Webflux RestController unexpected 400 response with reused connection and incomplete expect-100 activity

[pivotal-Josh-Gainey]

We discovered a difference in behavior while using reactor-netty as a server compared to other servers such as tomcat or go http in regards to a specific scenario. The scenario is:

• client makes POST to server
• The request contains an Expect: 100-continue header and a content-length > 0
• The server responds with a status code before reading the body or closing the connection
• The next request on the same connection is immediately seen as malformed and response code 400 is returned to client.

The expect-100 header in an http request allows the server to validate headers before asking the client to proceed sending the request body. Once the server validates the headers it gives a 100 continue response back to client and the client continues sending the body.

What we observe is a client is reusing a keep-alive connection to the server. First request is a POST request and the response is unauthorized and given a 401 response.

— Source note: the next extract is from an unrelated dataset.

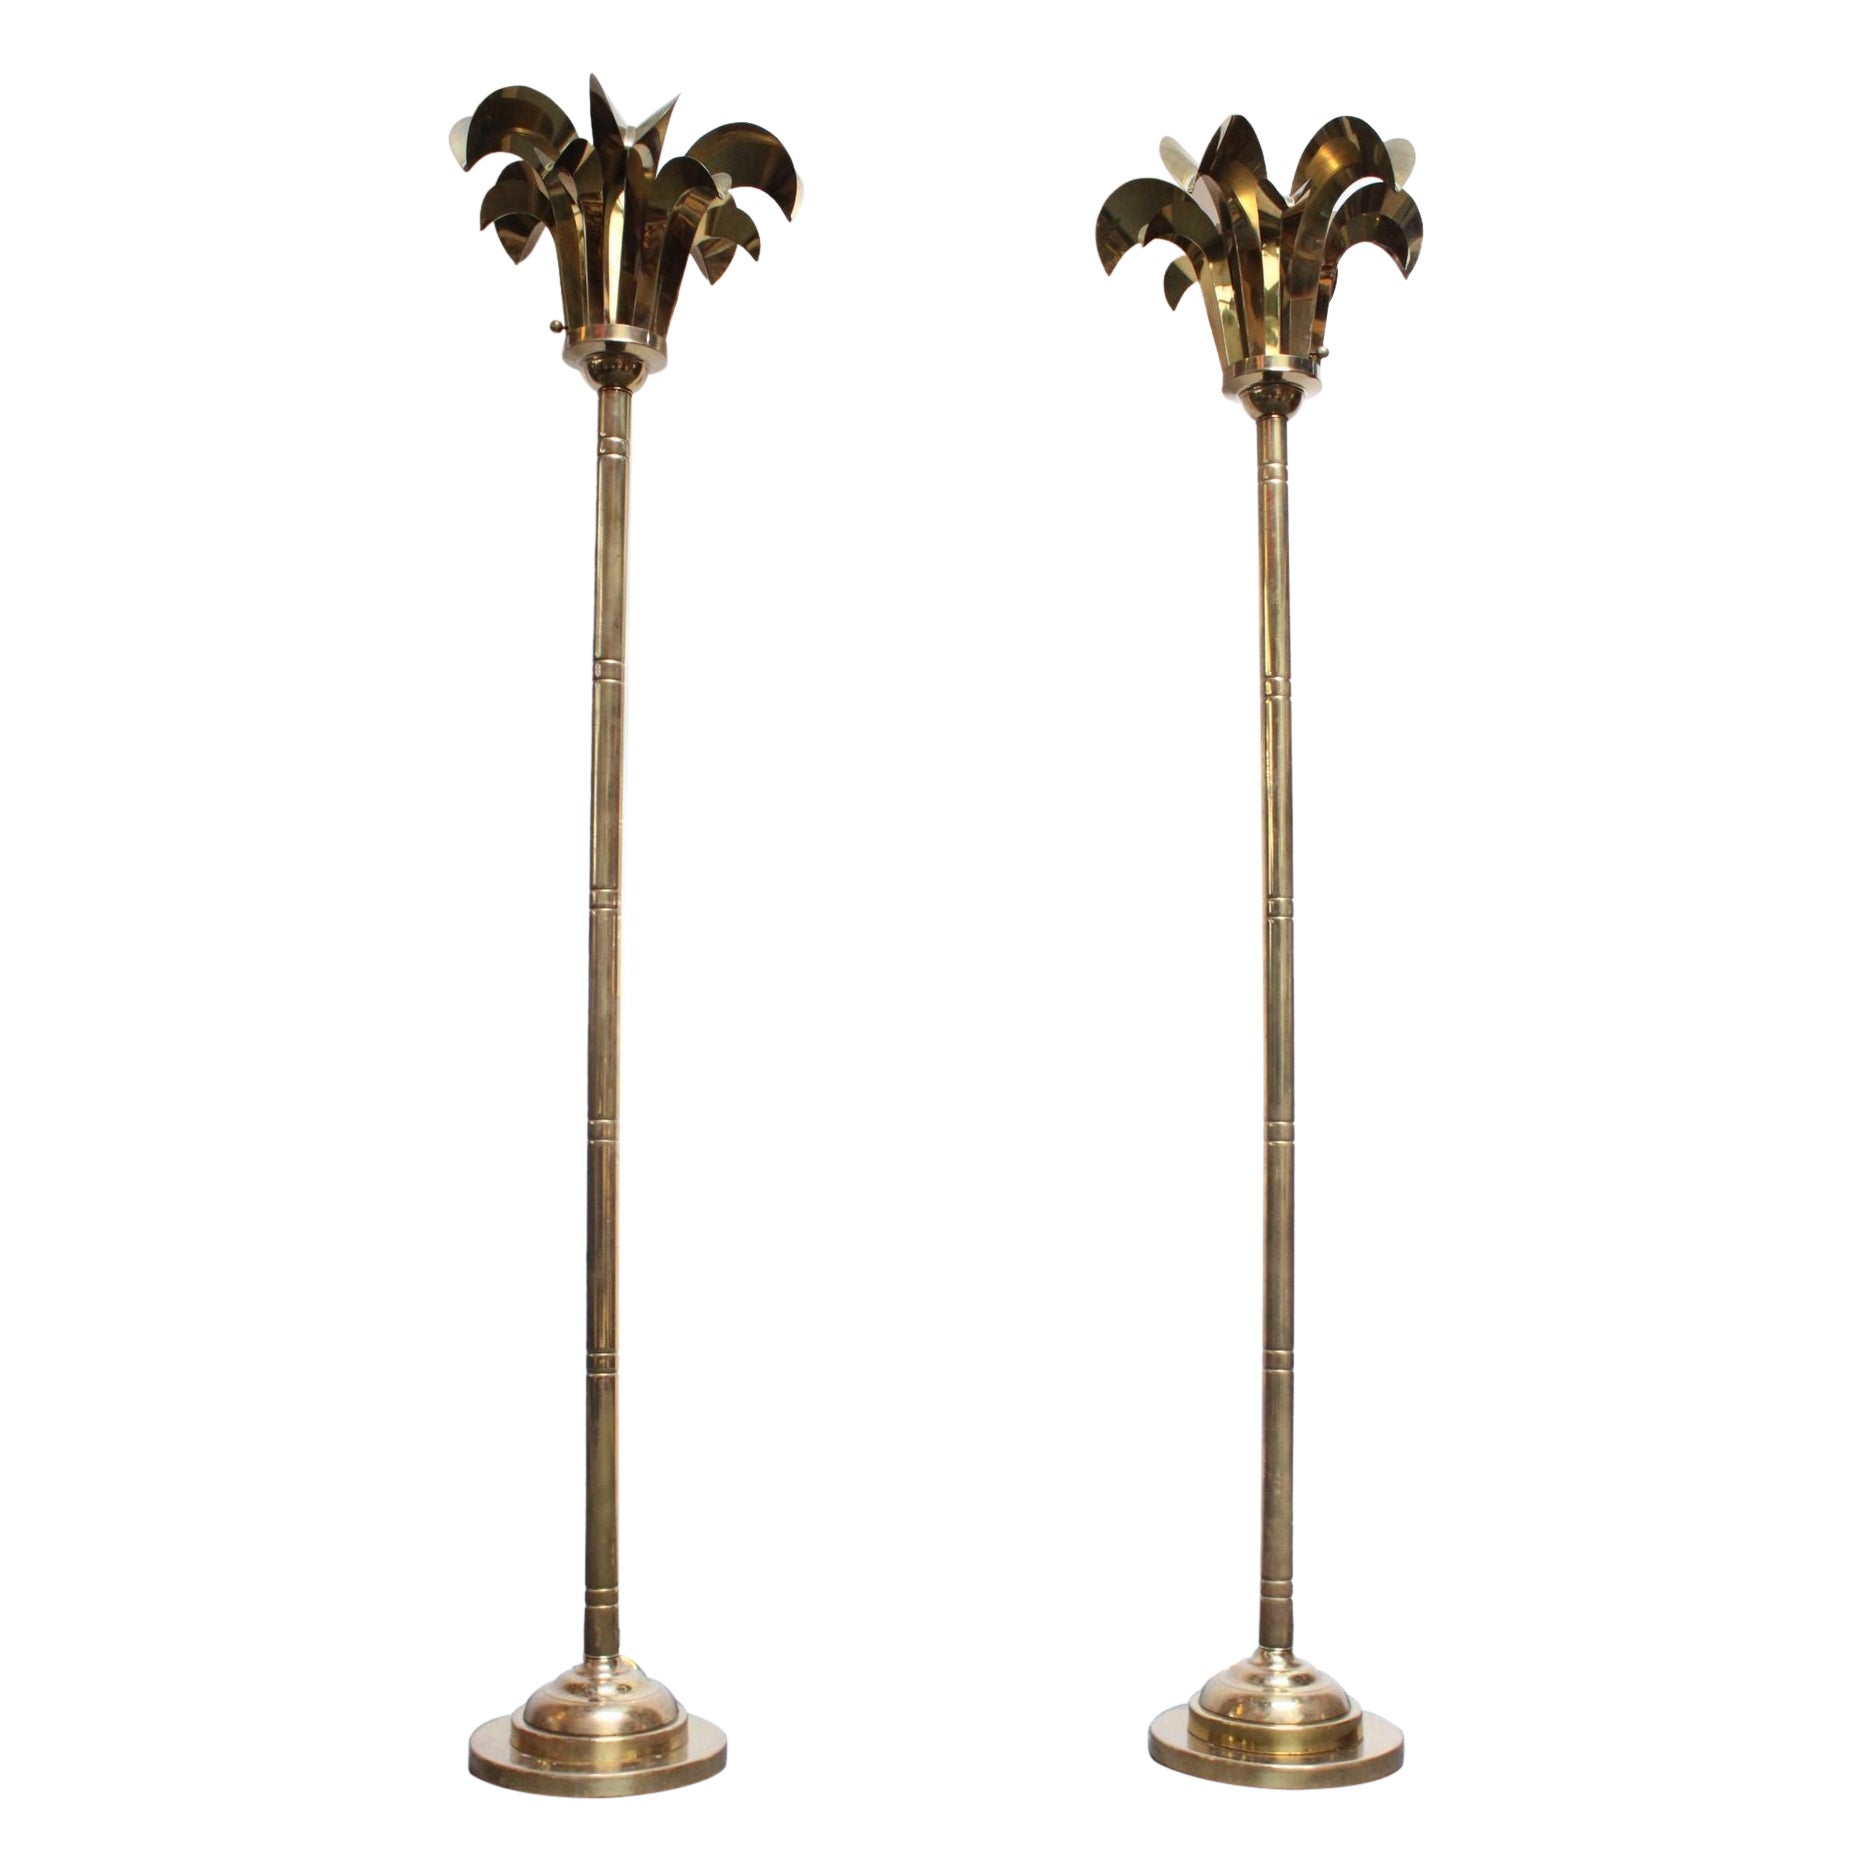 Pair of Vintage Brass "Palm Tree Frond" Floor Lamps by Hart Associates For Sale

Since the 401 was returned to client and not a 100 continue then, the POST body is never sent from client to server. Due to the content-length specified in the POST request, the next bytes on the wire the server is looking for is the POST body - however its not the POST body but a completely new request and results in an immediate 400.

To summarize it seems this issue is very specific to connection reuse and the expect-100 header in a request that contains payload and the server returns a non 100/200 status code prior to reading the rest of the body or closing the connection.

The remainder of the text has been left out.